Niall O'Higgins (niallo@) writes:

There has been quite a bit of interest from the user community in the OpenCVS project over the past while, and I have been thinking about writing some sort of blog entry on the subject for some time. I guess Marco's incessant blogging has finally gotten to me and inspired me to try to write something myself!
Since I have been hacking on the RCS parser lately, I thought I'd write a short article about this file format which sits at the core of CVS.

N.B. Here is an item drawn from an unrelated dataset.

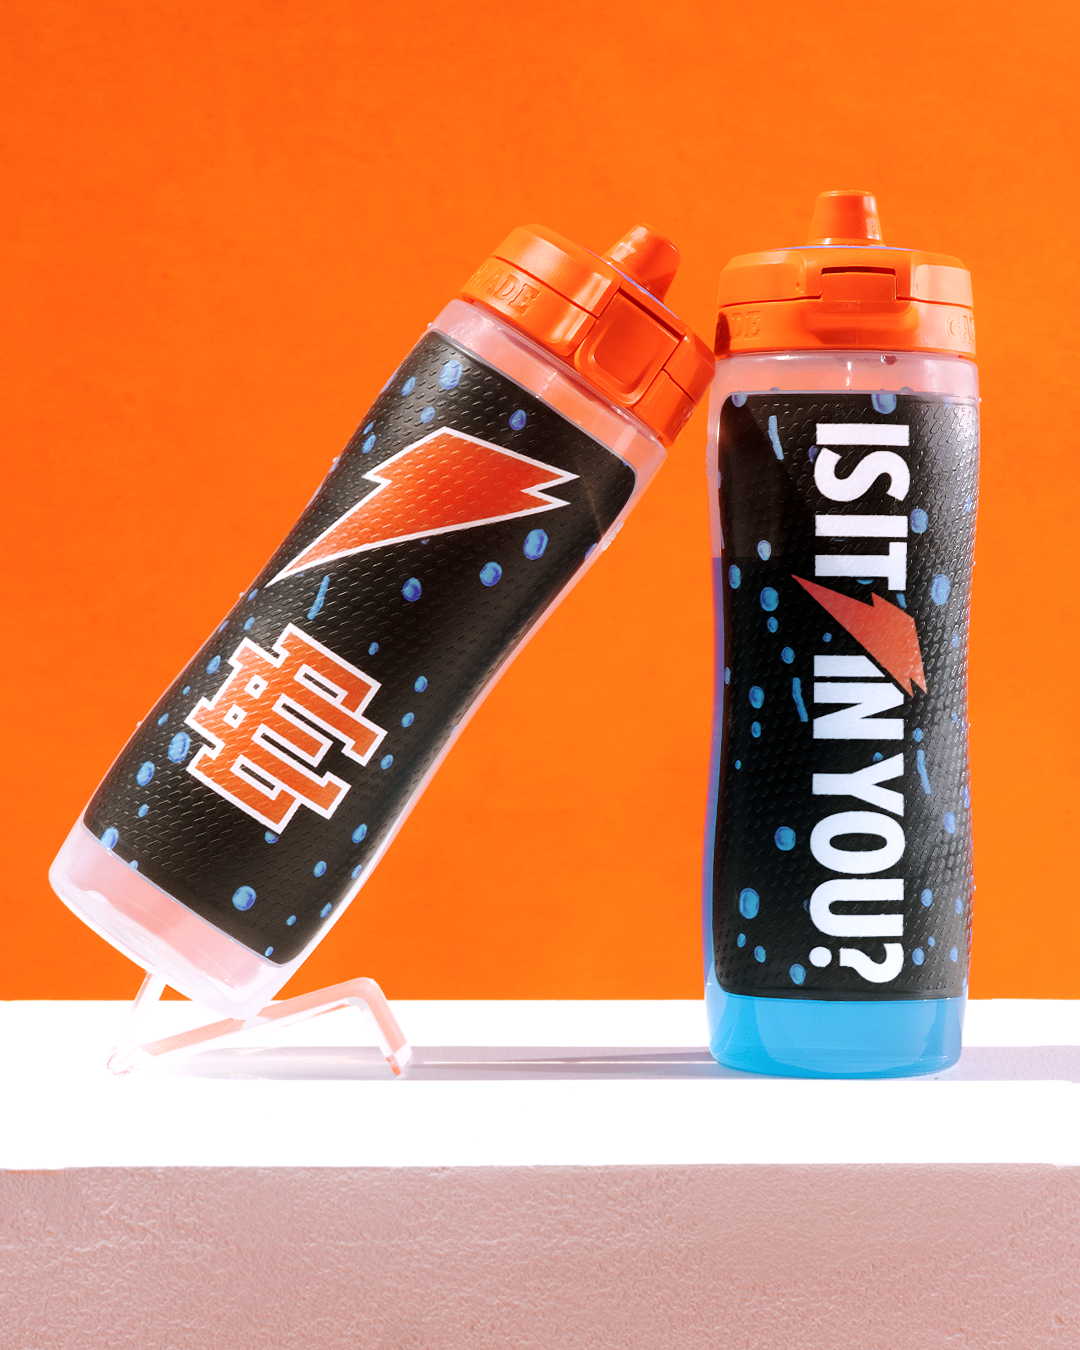 Two sports drink bottles with blue liquid, orange caps, and lightning bolt designs are displayed. The bottle on the left features &quot;40&quot; and the one on the right reads &quot;Is it in you?&quot;

First of all, a little bit of history. RCS was first developed in the early 1980s by Walter Tichy at Purdue University, so its over 20 years old. RCS operates on individual files. If you're not already acquainted with how the RCS tools work, take a look at the rcsintro(1) manual page. There is also a 1985 paper RCS - A System for Version Control which has further information. To anybody with CVS experience, RCS may seem strangely familiar. CVS as we know it pretty much arrived on the scene around 1990. Rather than dealing with individual files, CVS operates on a directory of RCS files. This is why an RCS implementation lies at the heart of OpenCVS, and why we are using the OpenCVS code to write a replacement for GNU RCS, too (OpenRCS). This paper (PDF) from 1990 describes the implementation of CVS and its status at that time.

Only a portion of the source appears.